東洋経済オンライン / 2024年1月16日 6時50分

「社会のしくみが変わった」ということは、すなわち「子育てにおいて心配したほうがいいポイントも変わった」ことを意味します。

30年前の親たちの不安は「まわりの子と比べたときに、わが子にできないことや足りないものがあること」でした。

ところが今後は、「まわりの人と同じ」であるだけでは、不十分です。「あなたはどんなことができる人ですか?」と問われたときに、「言われたことを、まわりの人よりも速く、正確にできます」では、AIに簡単に置き換えられてしまうだけで、アピールにならないからです。

これからの時代に必要なのは、「自分ならではの強み」を発揮する力。

「まわりの人と同じことができる」ことよりも、「苦手なこともあるけれど、誰にも負けないものも持っている」ことのほうが大事になります。

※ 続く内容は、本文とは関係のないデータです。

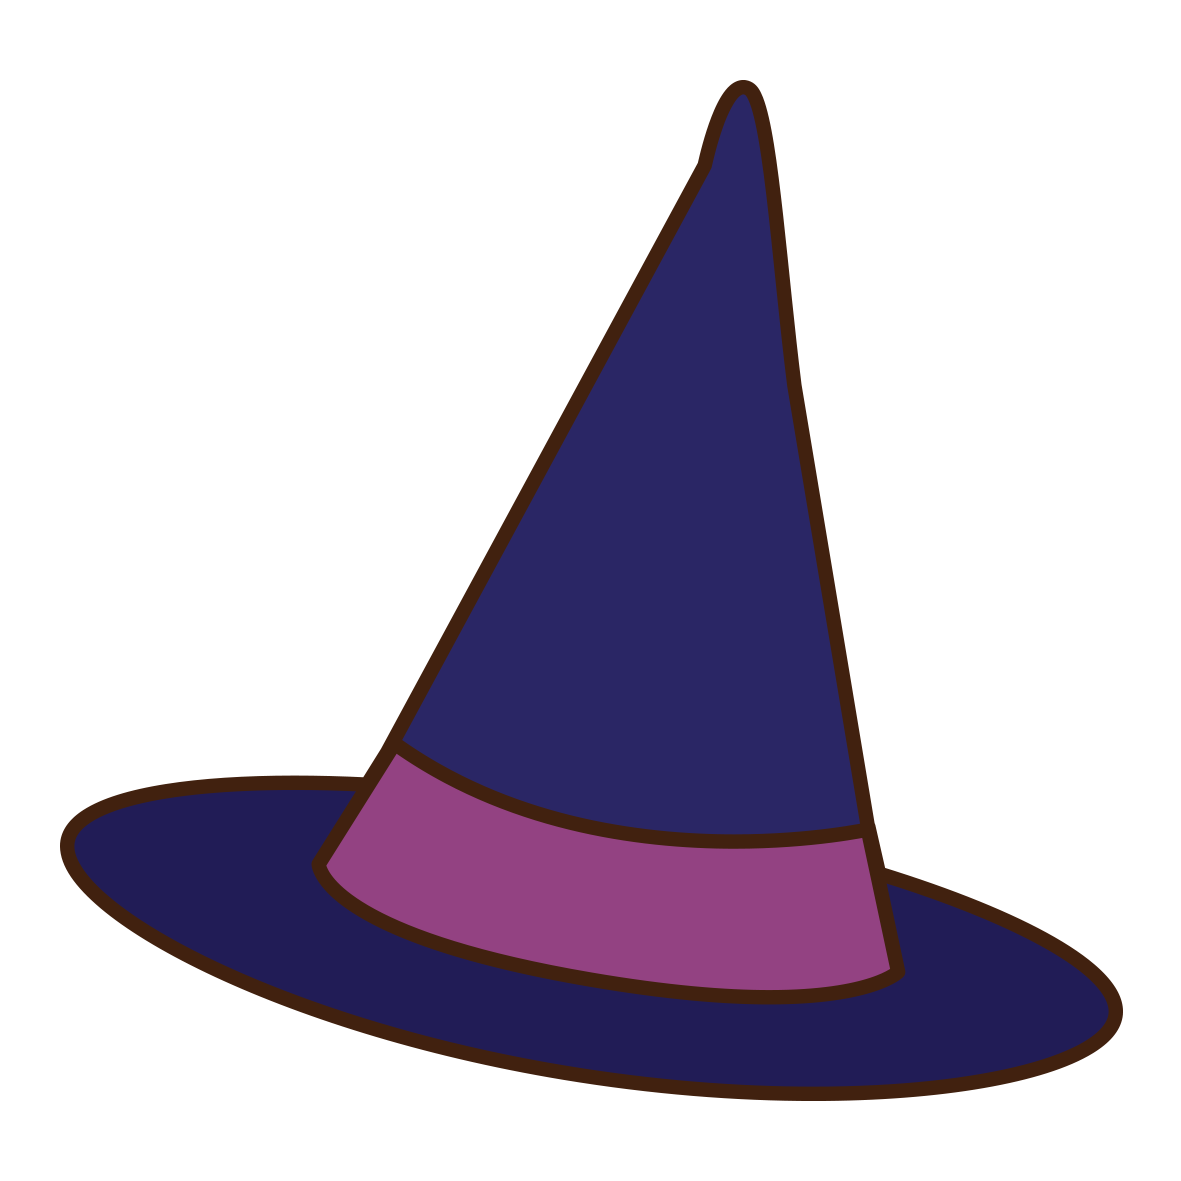 魔女の帽子

自分ならではの強みがあれば、ずっと選ばれ続ける人でいられますし、AIに取って代わられる不安もなくなります。

自分の強みを生かすには「自分軸」が大切

つまり、これからの時代における「頭のいい子」とは、「自分の強みを社会で発揮できる子」であると言えるでしょう。

では、そのような子になるには、何が必要か。私は「自分軸」だと考えています。自分軸とは、「経験や価値観に基づいた、自分なりの判断基準」のことです。

自分軸のある子は、自分を偽ったり無理な背伸びをしたりすることなく、ありのままの自分を出すことができます。そして「苦手なことがあったり、失敗したりもするけど、それも自分」ととらえ、自らの選択に責任を持てるようになります。

そんな子は、興味を持ったことを積極的に学び、強みを伸ばしていくことができます。

実際、中学入試の問題も、自分軸重視へシフトしています。「さまざまな知識を幅広く聞く」試験から、「知識量はそれほど必要としないけれど、じっくり考えて自分なりの答えを出させる」試験へと変わってきているのです。

中学入試の問題には、その学校が欲する人物像が色濃く反映されます。このことからも、求められる「頭のよさ」が変わってきていることがうかがえます。

将来、自分ならではの強みを社会で発揮できる、自分軸のある子を育てる—これが「頭のいい子を育てる」ということなのです。

親の関わり方を変えれば自分軸は自然に育つ

少々乱暴な言い方になりますが、大前提として、どんな子どもも、放っておけば自分軸は勝手に育ちます。子どもはみんな好奇心があり、知らないことや目新しいものに「何だろう?」と興味を持つのですから、子どもの自主性に任せておけば、自分軸は自然に育っていきます。

ただ残念ながら、成長過程における親子の関わりの中で、親が子どもの自分軸の成長を邪魔してしまっていることがよくあるのです。

たとえば、こんな行動です。

・「そんなことではダメ!」とダメ出しをする。

・あれもこれもとスケジュールを詰め込む。

・「みんなできてるのに、どうしてできないの?」と、まわりの子と比べる。

否定したり、子どもの時間を奪ったり、まわりの子と比べたりすることが、自然に育つはずの自分軸の成長を阻んでいるのです。何とももったいない話です。

しかし、仮にこうした行動を取ってしまっていたとしても、決して取り返しがつかないわけではありません。自分軸を育てるのに、遅すぎるということはないのです。